- _Material provided_:
########################################

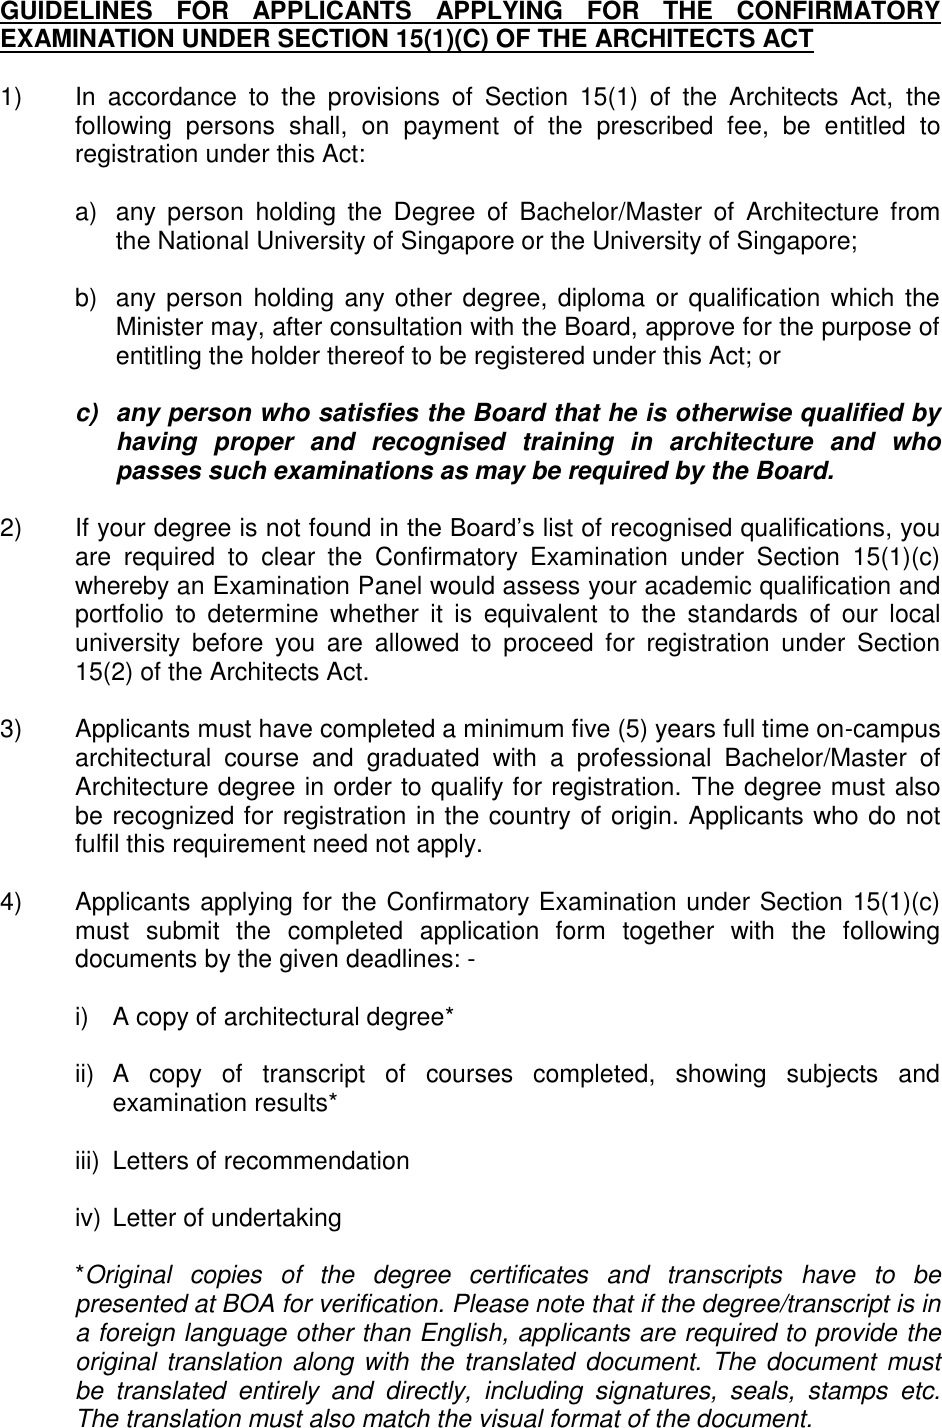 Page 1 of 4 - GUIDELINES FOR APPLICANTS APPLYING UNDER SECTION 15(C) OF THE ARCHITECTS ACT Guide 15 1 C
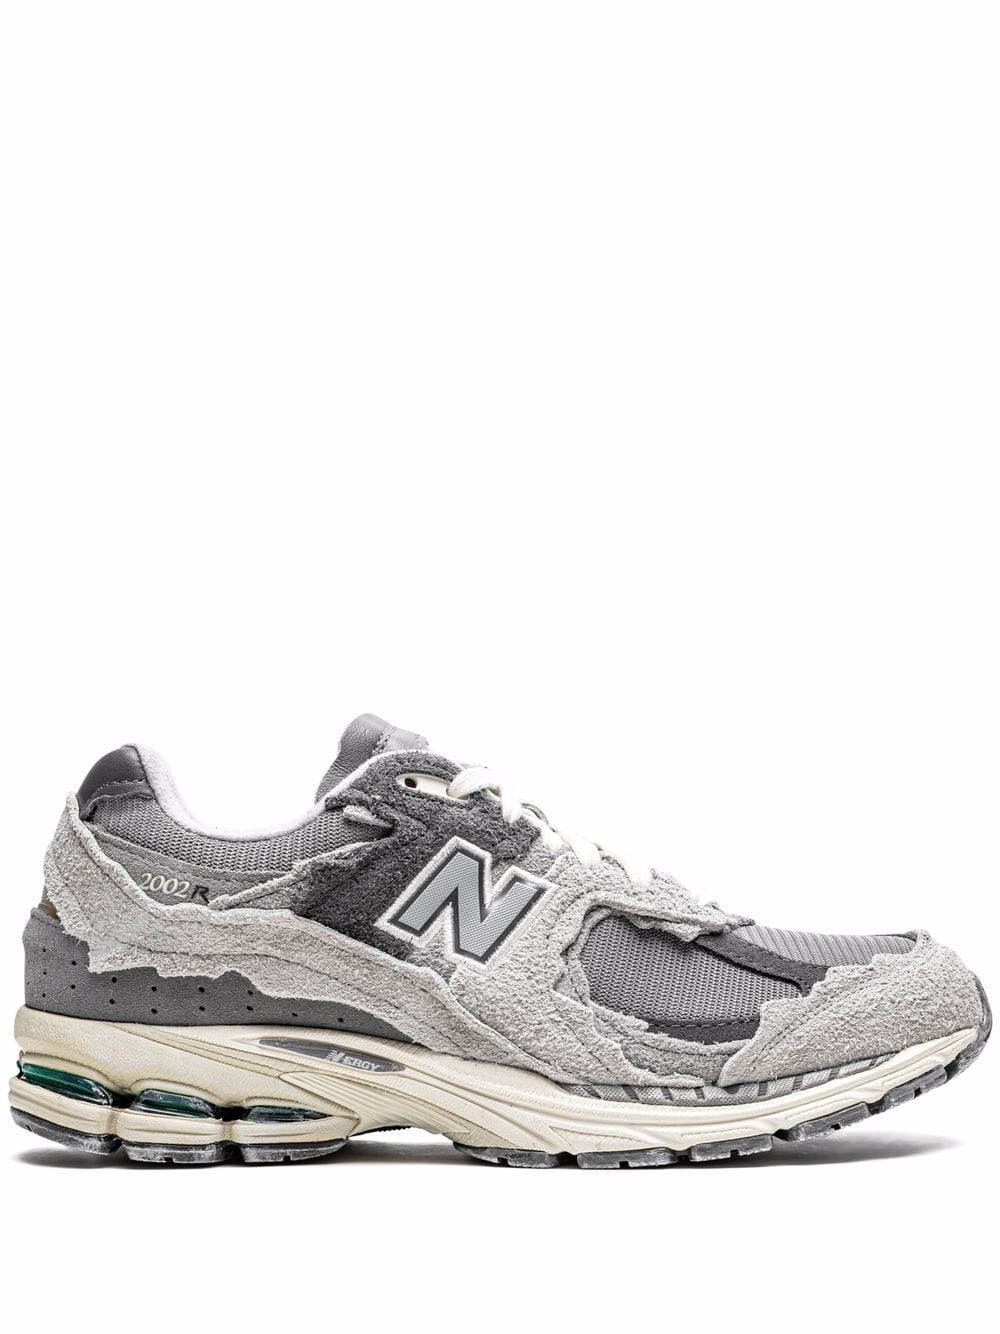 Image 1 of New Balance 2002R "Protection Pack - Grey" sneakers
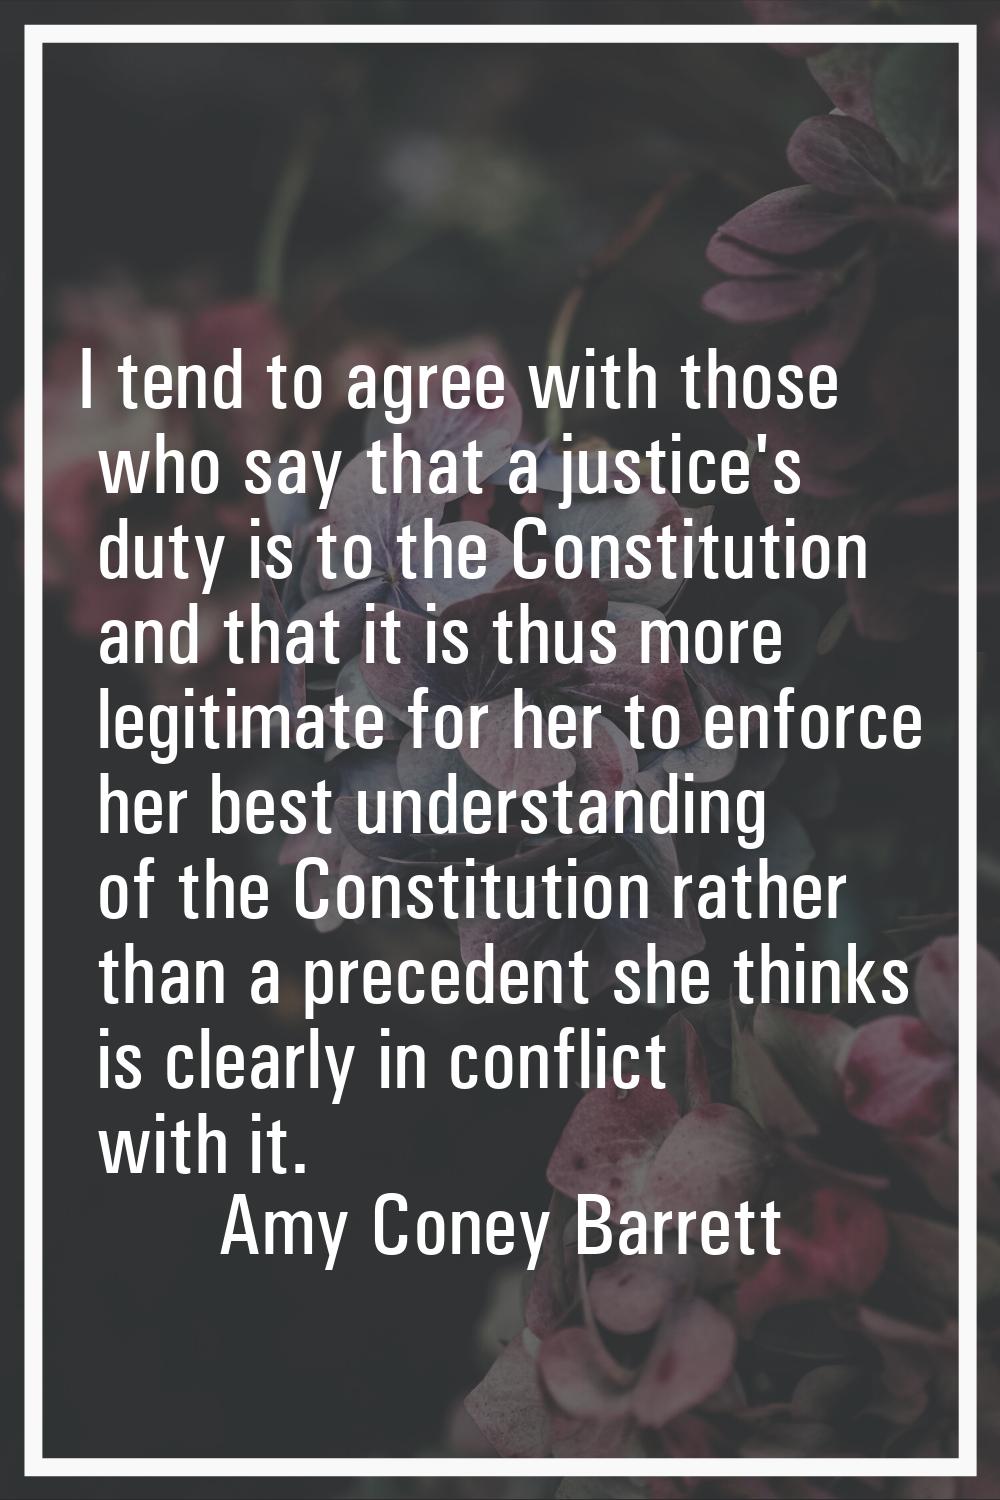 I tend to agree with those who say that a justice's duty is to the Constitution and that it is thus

########################################

Once the pictures are set aside, restate the remaining data above exactly.

- _Final answer_:
 Page 1 of 4 - GUIDELINES FOR APPLICANTS APPLYING UNDER SECTION 15(C) OF THE ARCHITECTS ACT Guide 15 1 C
 Image 1 of New Balance 2002R "Protection Pack - Grey" sneakers
 I tend to agree with those who say that a justice's duty is to the Constitution and that it is thus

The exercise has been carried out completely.